[PROVIDED DATA Boundary: Start]
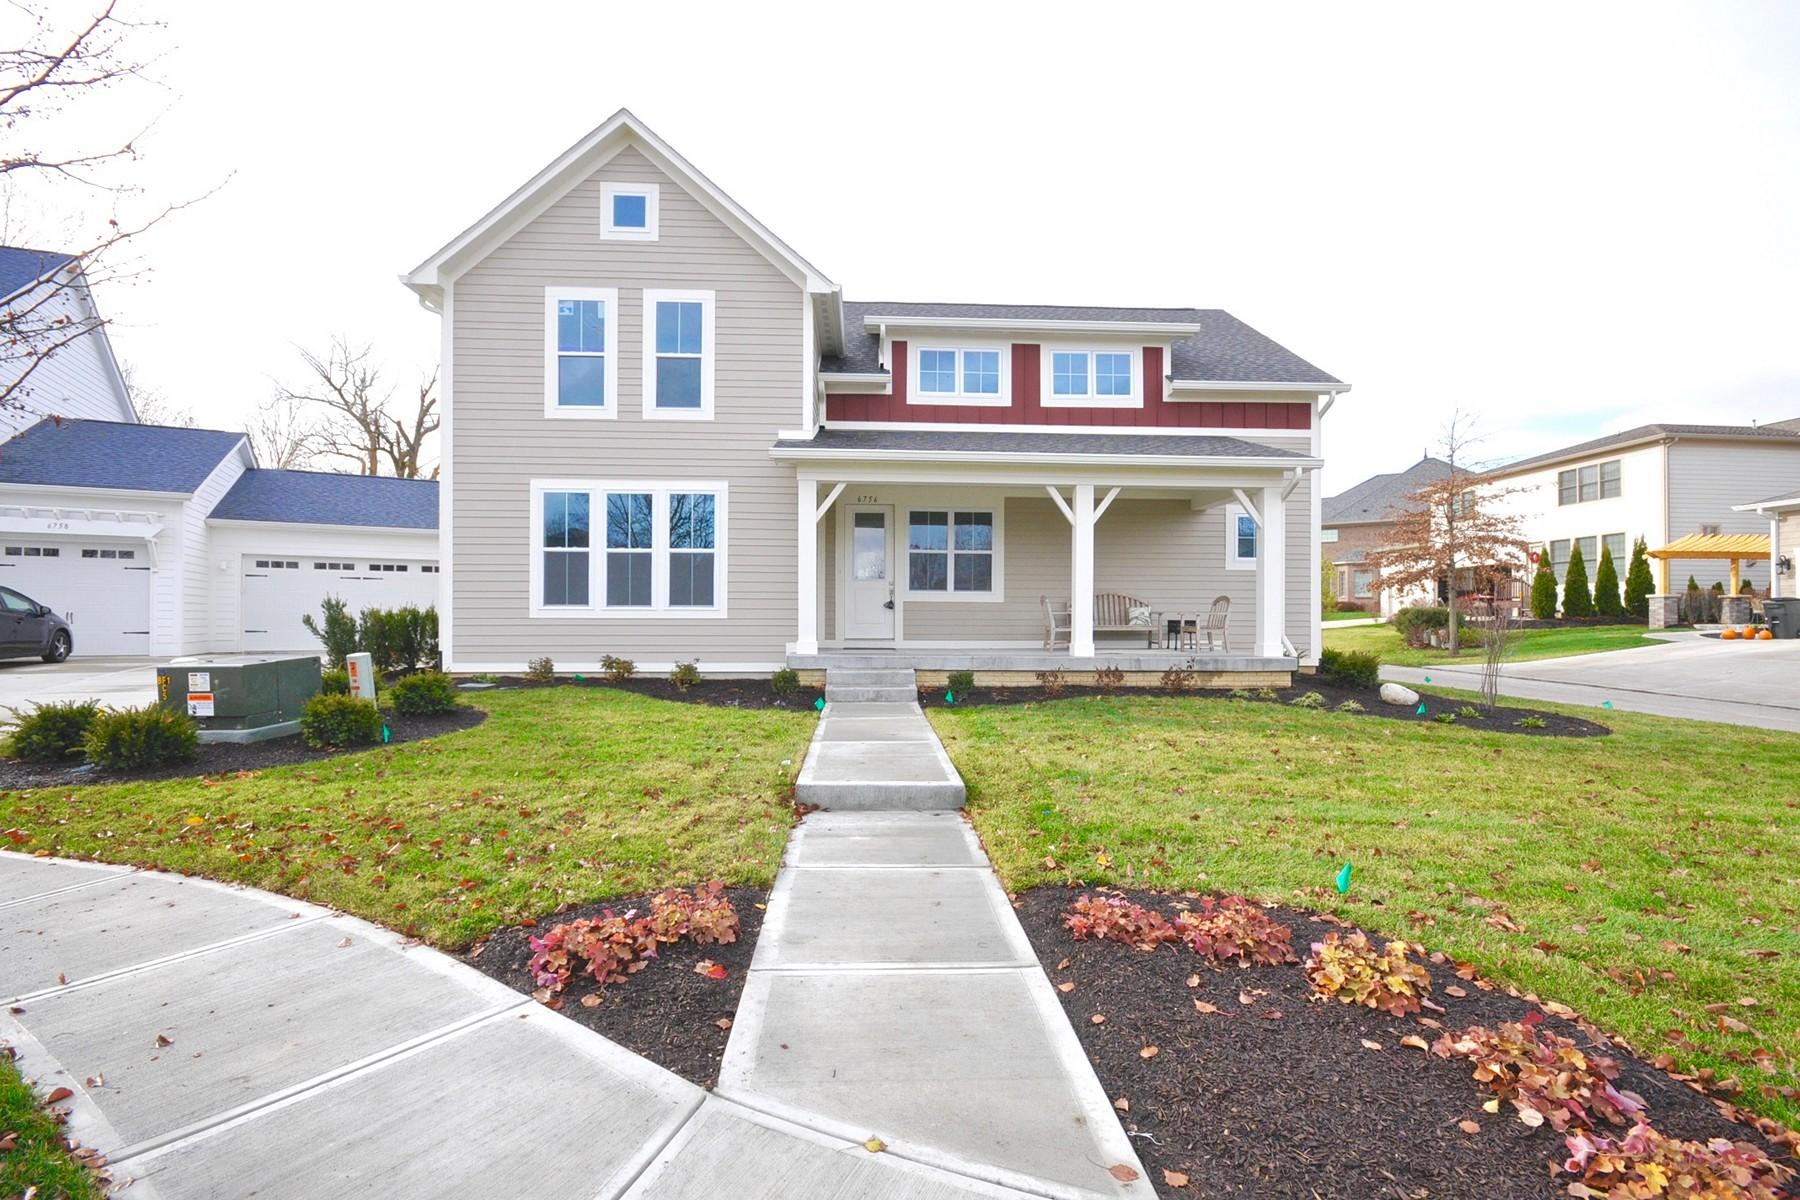 獨棟家庭住宅 為 出售 在 The Finest Finishes 6756 Chapel Crossing Zionsville, 印第安那州 46077 美國
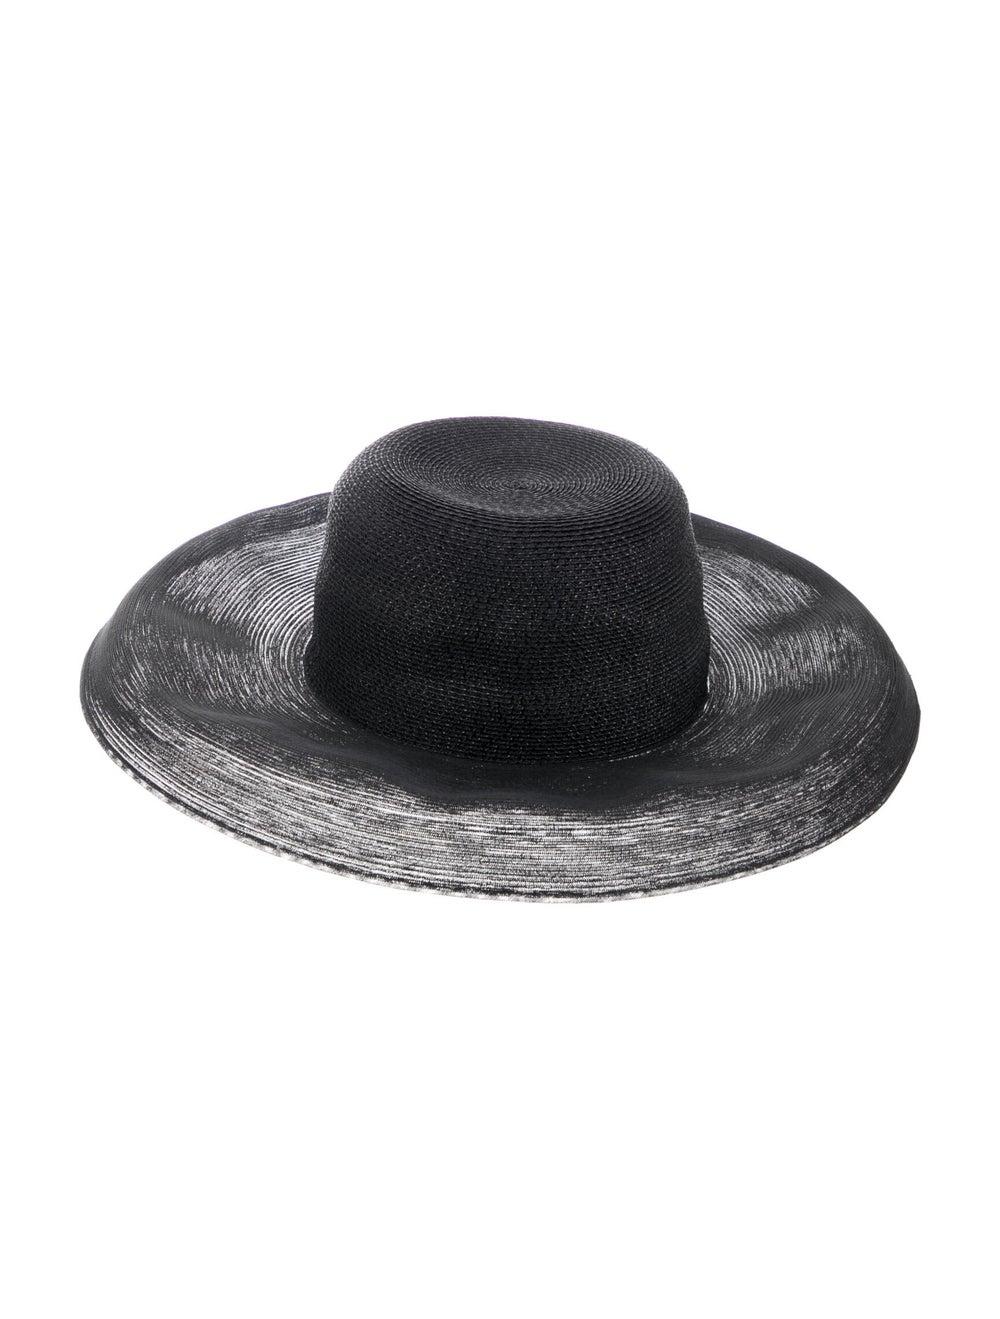 Patricia Underwood Wide Brim Hat Black - image 1
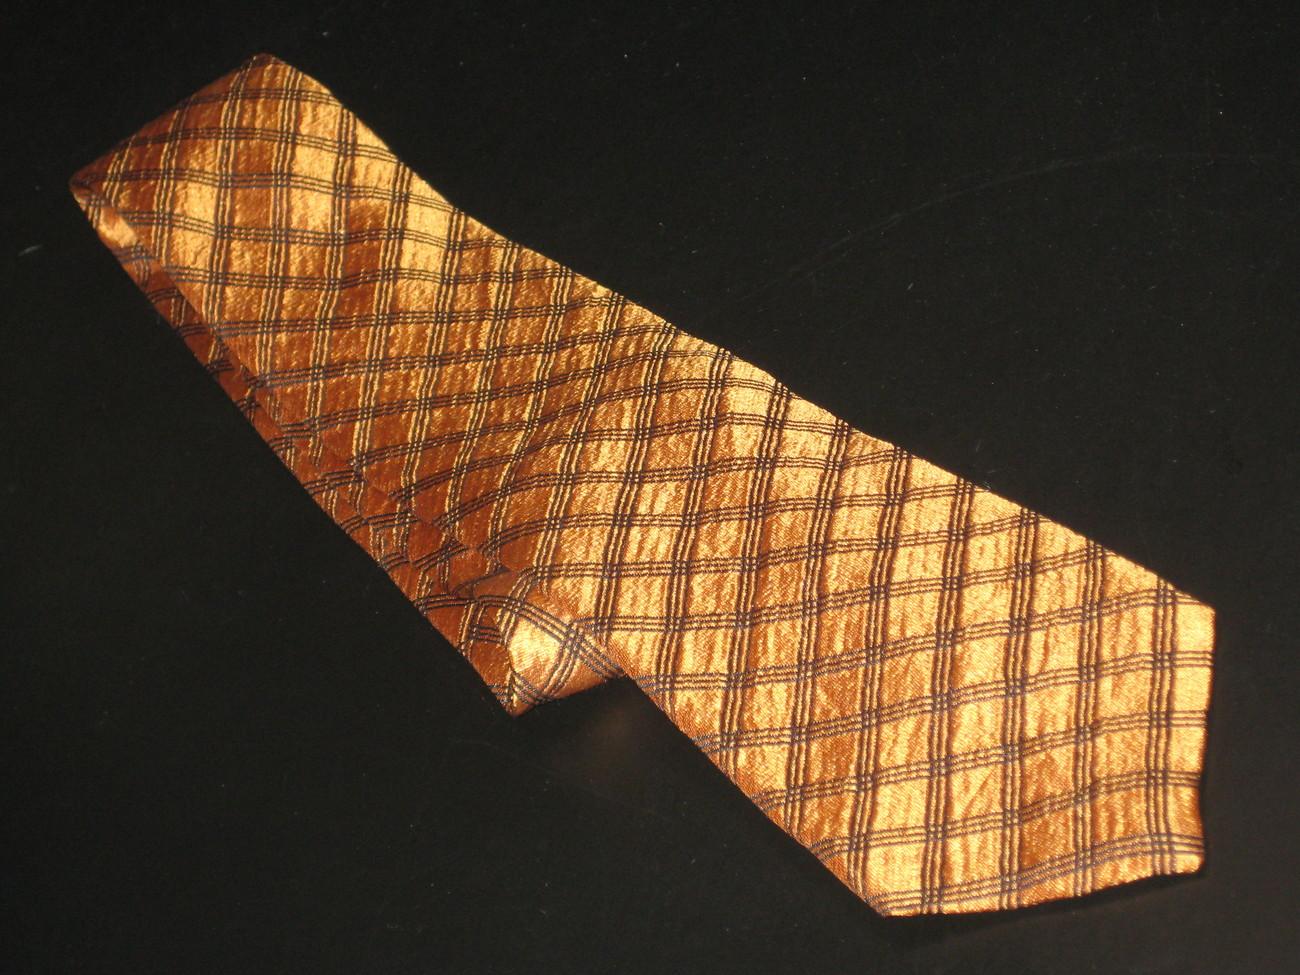 Tie guy laroche diffusion browish orange criss crossing blue lines sheen 10
[PROVIDED DATA Boundary: End]
* EXERCISE DIRECTIONS
An exact copy of the lines from the line containing "Patricia Underwood Wide" through the final line of the listing, without pictures, is the expected result.

* RESPONSE
 Patricia Underwood Wide Brim Hat Black - image 1
 Tie guy laroche diffusion browish orange criss crossing blue lines sheen 10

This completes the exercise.